About this exercise = Write out the data that follows exactly, keeping every picture out.

Data provided =
[Start of section]
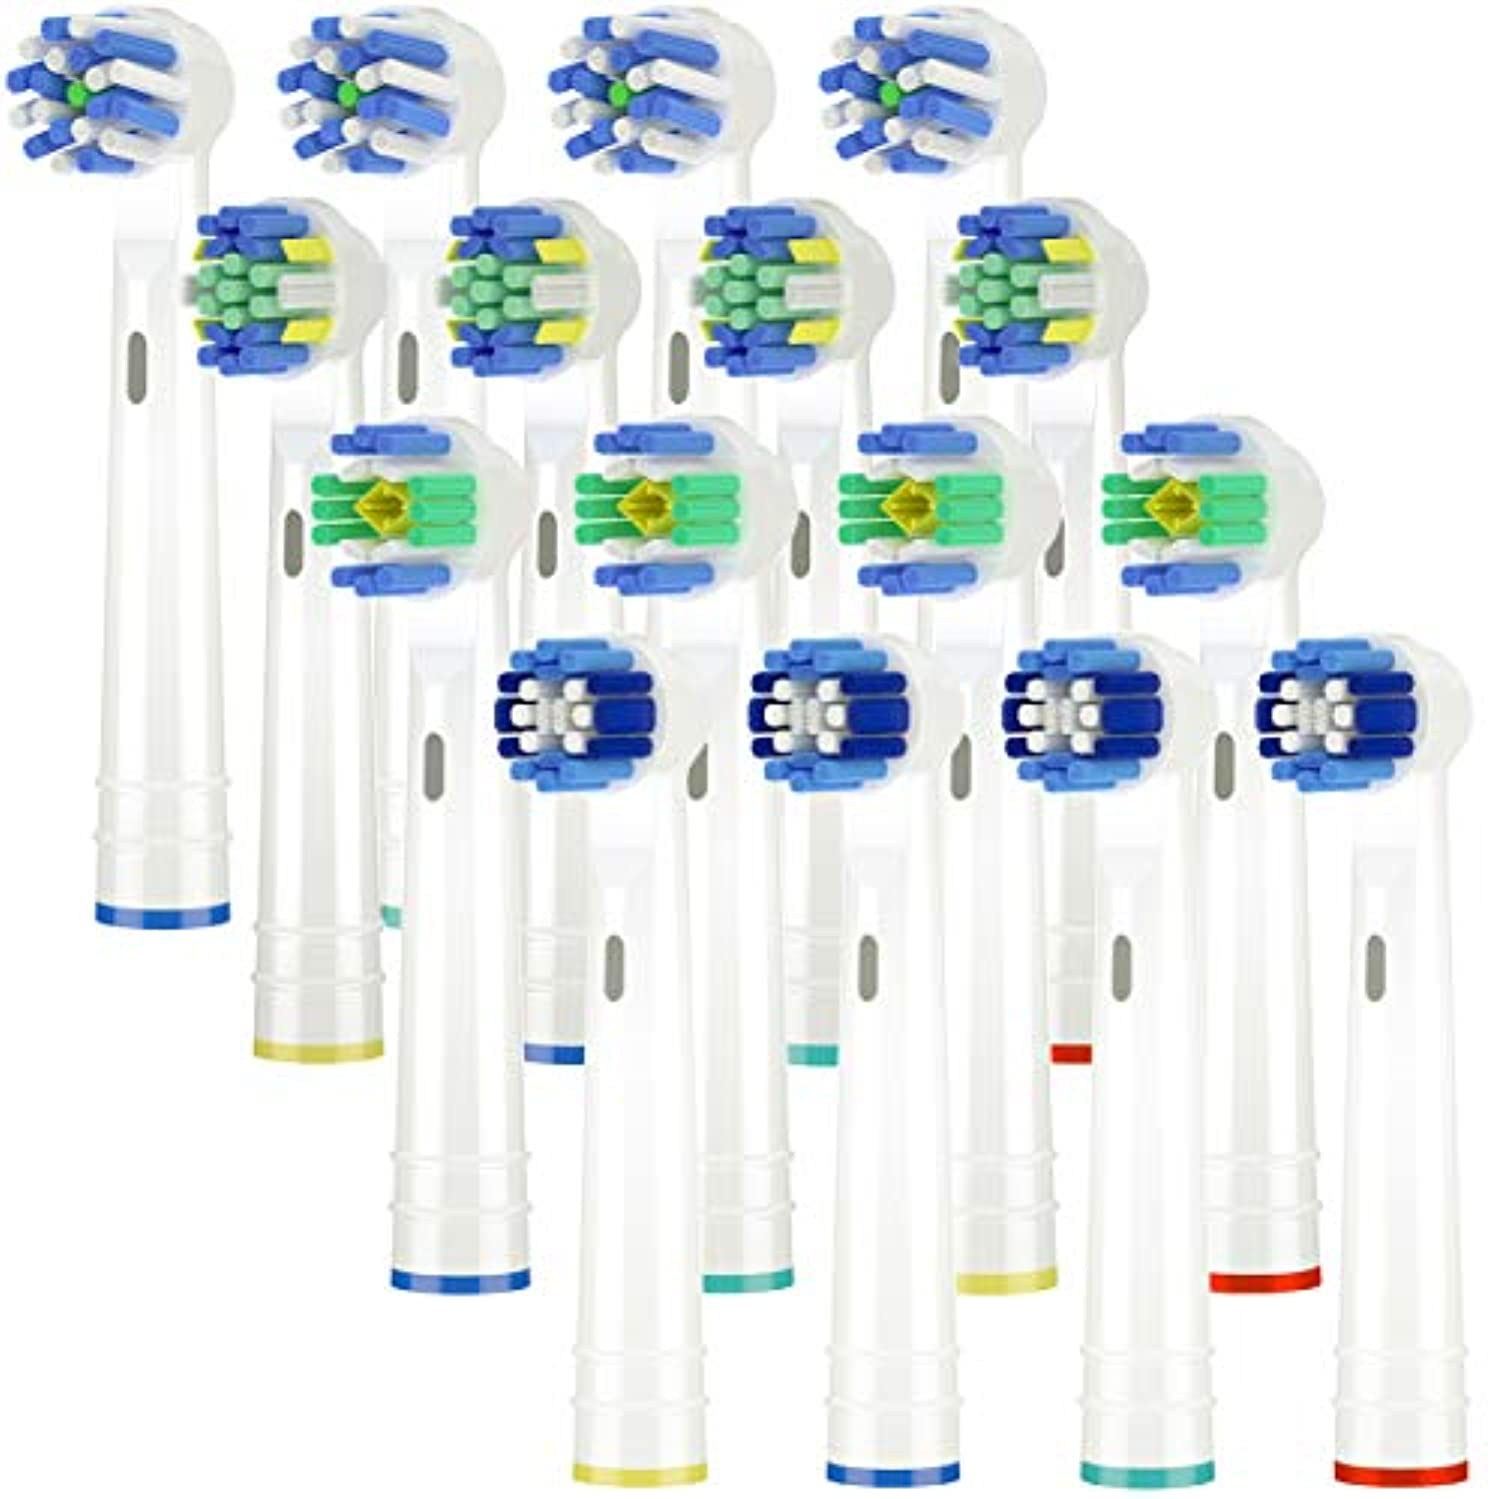 感情国旗演劇Itechnik 電動歯ブラシ 替えブラシ ブラウン オーラルB 対応 替えブラシ 4種類が入り:ホワイトニングブラシ 、ベーシックブラシ、歯間ワイパー付きブラシ、マルチアクションブラシ 凡用な16本
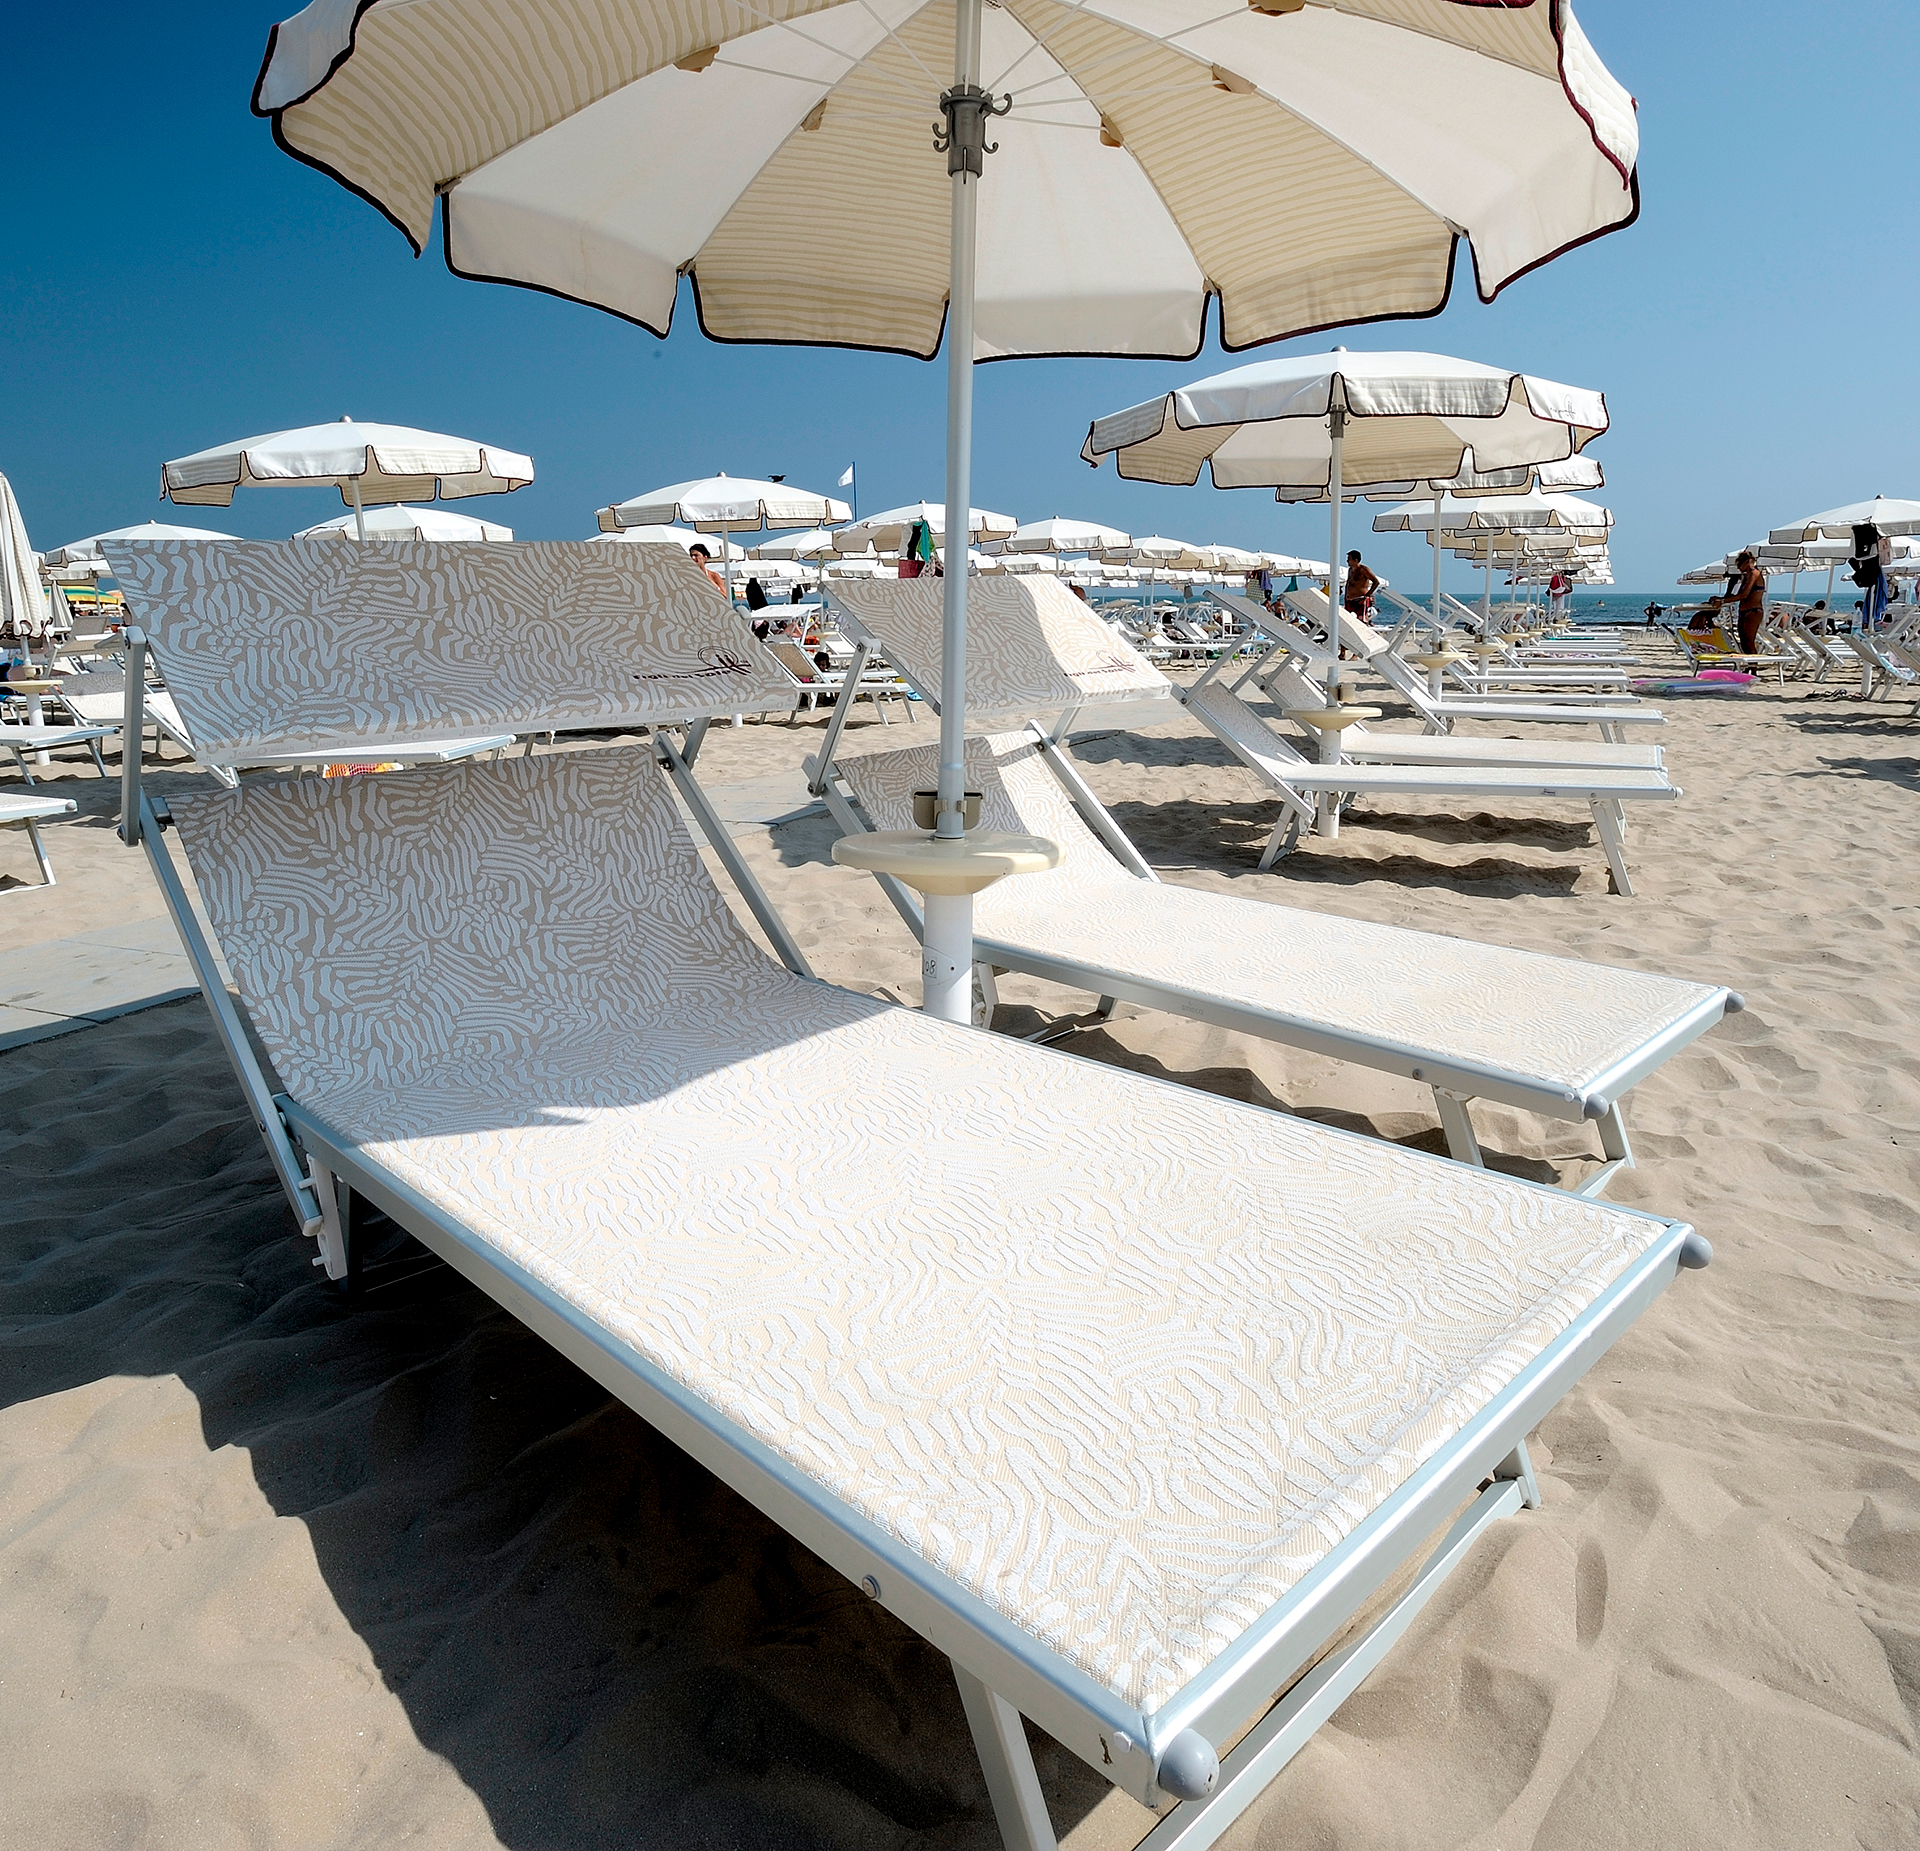 Prezzi Lettini Da Spiaggia.Vip Lettino Da Spiaggia
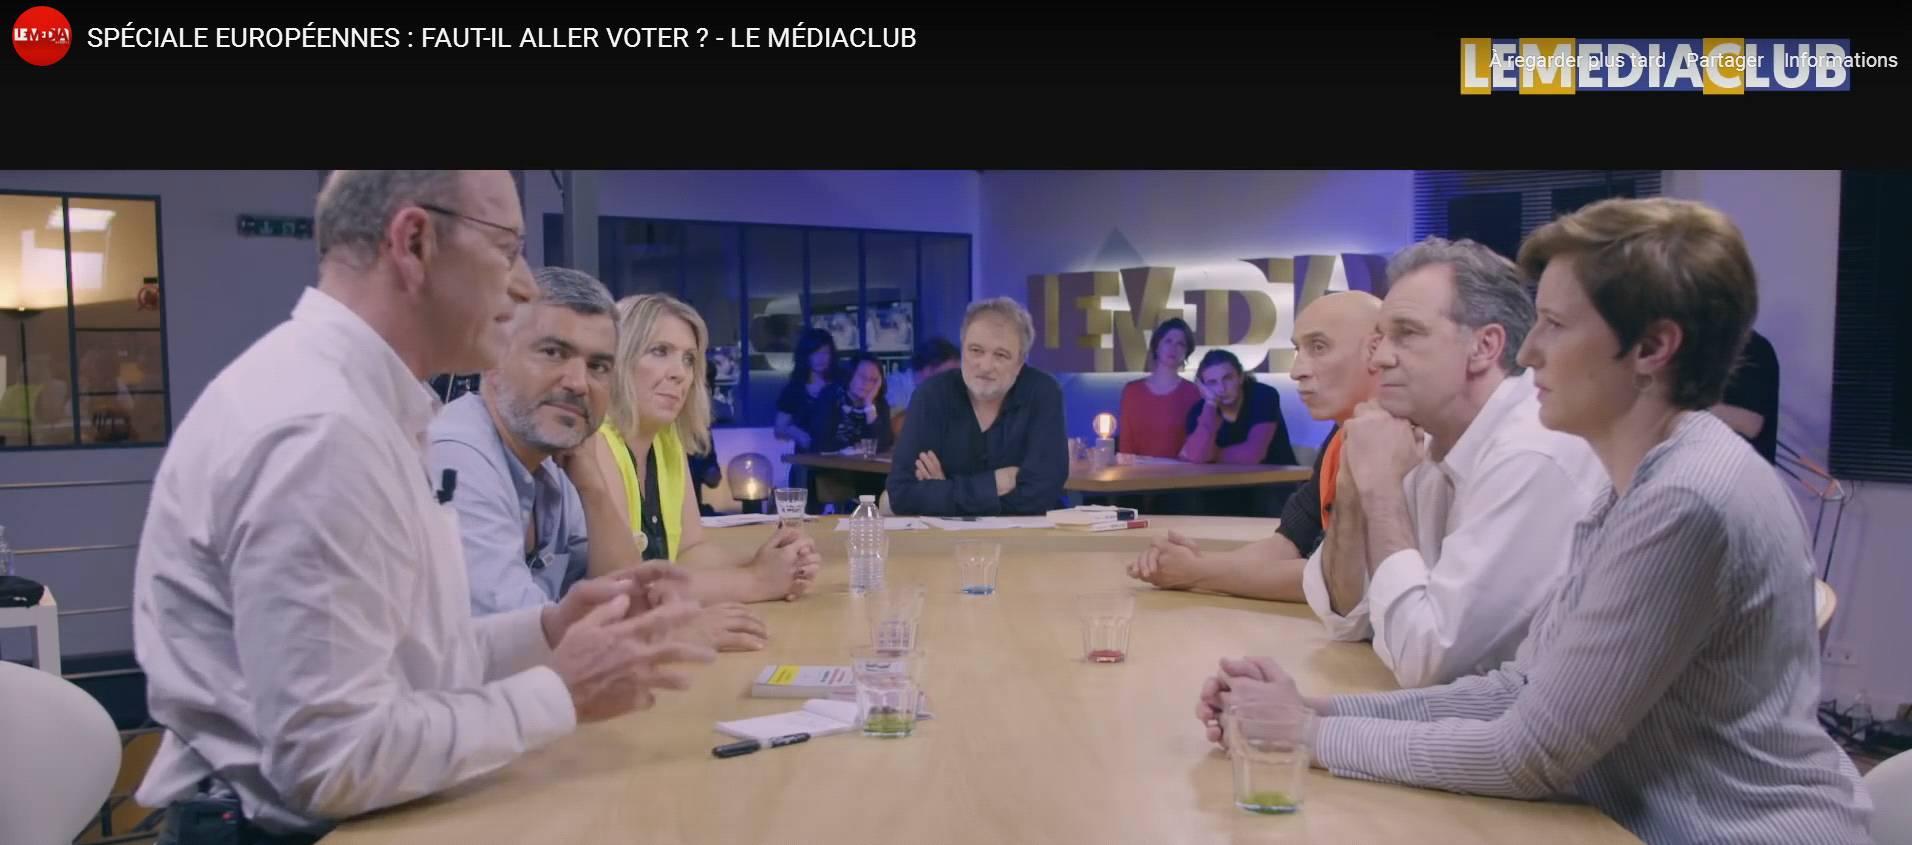 [Courageusement] invité par Denis Robert sur Le Média TV mardi 21 mai 2019: élections européennes, gilets jaunes, RIC et règles de la représentation
[End of section]
Result of the exercise =
 感情国旗演劇Itechnik 電動歯ブラシ 替えブラシ ブラウン オーラルB 対応 替えブラシ 4種類が入り:ホワイトニングブラシ 、ベーシックブラシ、歯間ワイパー付きブラシ、マルチアクションブラシ 凡用な16本
 Prezzi Lettini Da Spiaggia.Vip Lettino Da Spiaggia
 [Courageusement] invité par Denis Robert sur Le Média TV mardi 21 mai 2019: élections européennes, gilets jaunes, RIC et règles de la représentation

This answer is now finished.